3.2 Condition of Commission - Yapalot shall only become obligated to the
Approved Agent for payment of any particular Commission upon receipt by
Yapalot of; (1) all appropriate documentation, (2) Voice recordings and or
customer signed agreements, (3) first month payment from customer (4)
credit acceptance from Yapalot.
3.3 Commissions will be calculated from the first day of the calendar month to
the last day of the month.
3.4 Payment to the Approved Agent will be paid on the 15th of month following.
3.5 Commission will be charged back to the Approved Agent if the customer
cancels their service prior to 6 months or if Yapalot suspends or cancels
service for any reason. Yapalot will furnish the approved Agent with the
reason for account cancellation and chargeback details.
4.0 SUBMISSION OF SUBSCRIPTIONS
4.1 Procedures on Submission of Subscriptions - The Approved Agent agrees to
submit all orders for subscriptions on Yapalot's standard forms which shall
be provided to the Approved Agent by Yapalot from time to time, or on-line
via the internet through the Yapalot dealer website.

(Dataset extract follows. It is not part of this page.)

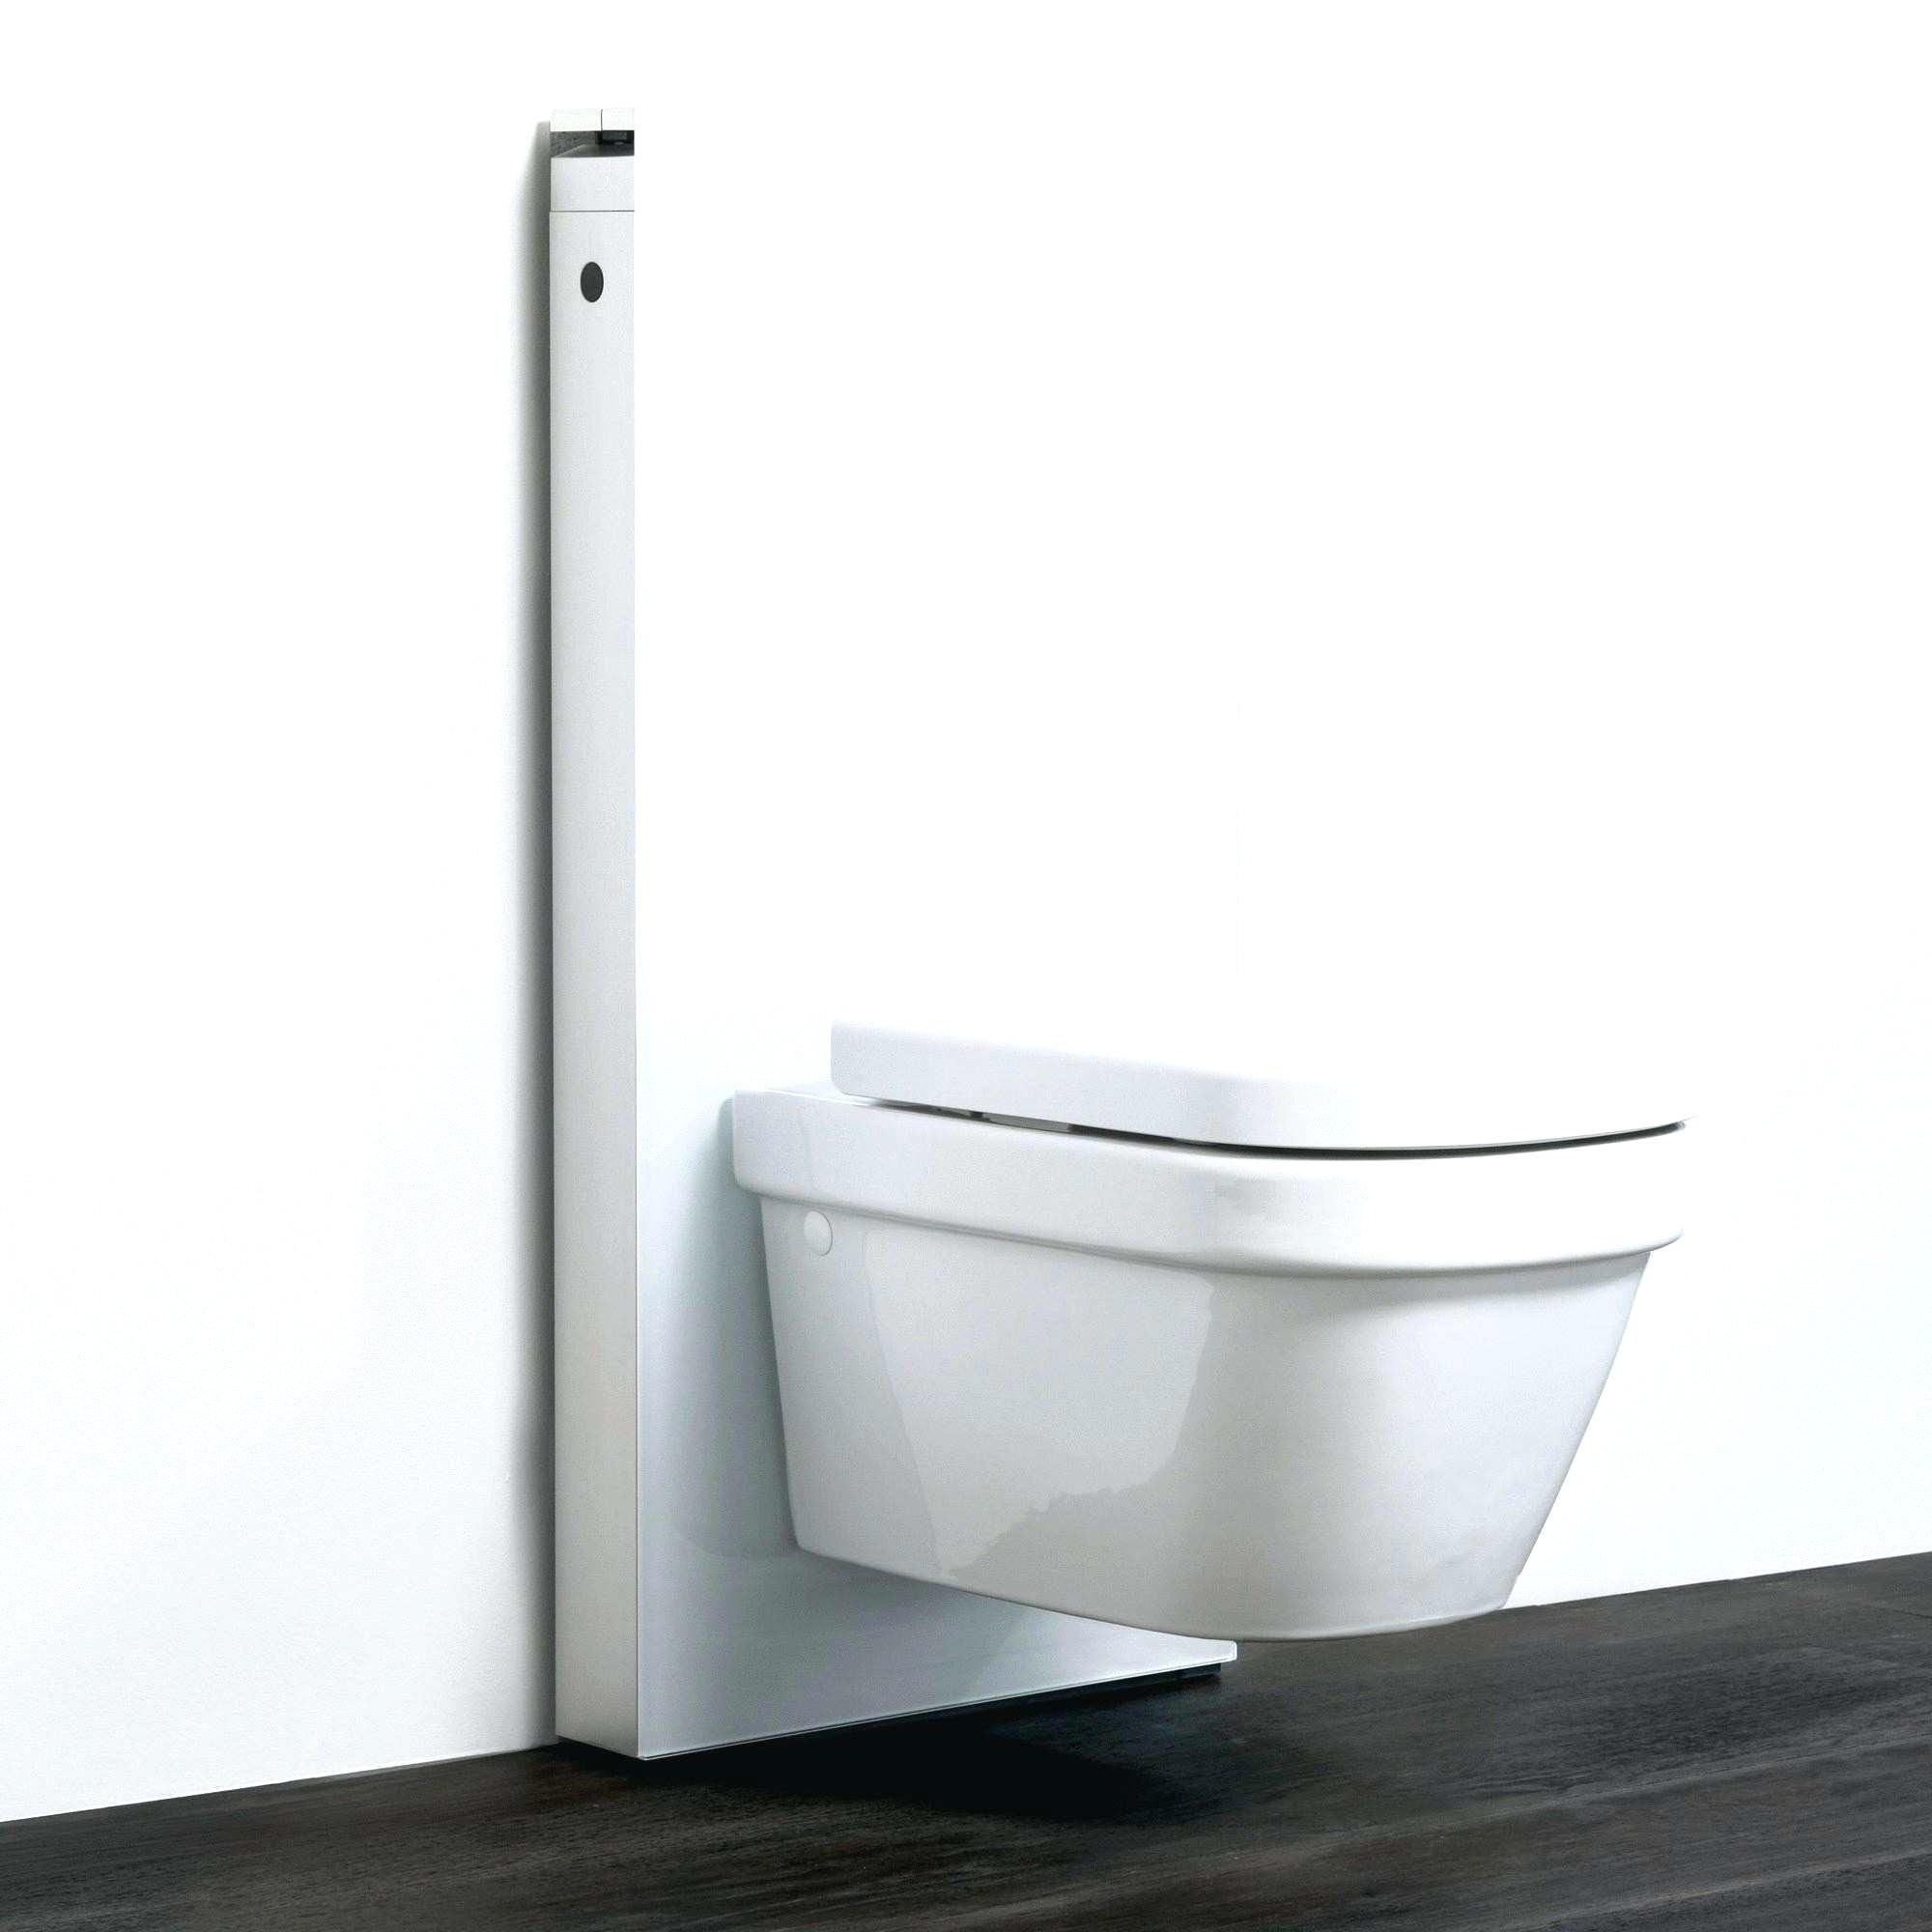 Bouton Chasse Deau Castorama Zelena Avec Bouton Chasse D pour Toilette Suspendu Castorama

4.2 Yapalot's Right to Reject Subscriptions - The Approved Agent acknowledges
that Yapalot has the right, in their sole discretion, to reject or accept
any customer for any reason whatsoever.
5.0 APPROVED AGENT'S OBLIGATIONS
5.01 Approved Agent to Promote Yapalot - The Approved Agent agrees to use its
best efforts to promote Yapalot and sell Subscriptions in accordance with
the terms of this Agreement and by means of soliciting Subscriptions
authorized and approved in writing by Yapalot through only the Locations
specified herein.
5.02 Maintenance of Yapalot Standards - The Approved Agent shall maintain such
marketing and selling standards as are, in the reasonable opinion of
Yapalot, appropriate considering the quality and reputation of the Yapalot
Network. The Approved Agent acknowledges that strict compliance with such
standards is necessary in order to properly promote the Yapalot Network and
for the Approved Agent to retain its status with Yapalot as provided for in
this Agreement.
5.03 Covenants of Approved Agent - The Approved Agent agrees at all times during
the term of this Agreement to:
(a) maintain the Minimum Quarterly Sales Quota as described in Schedule "B"
during the term here of;
(b) use its best efforts to develop, promote and maintain the goodwill and
reputation of Yapalot, and the Yapalot Network.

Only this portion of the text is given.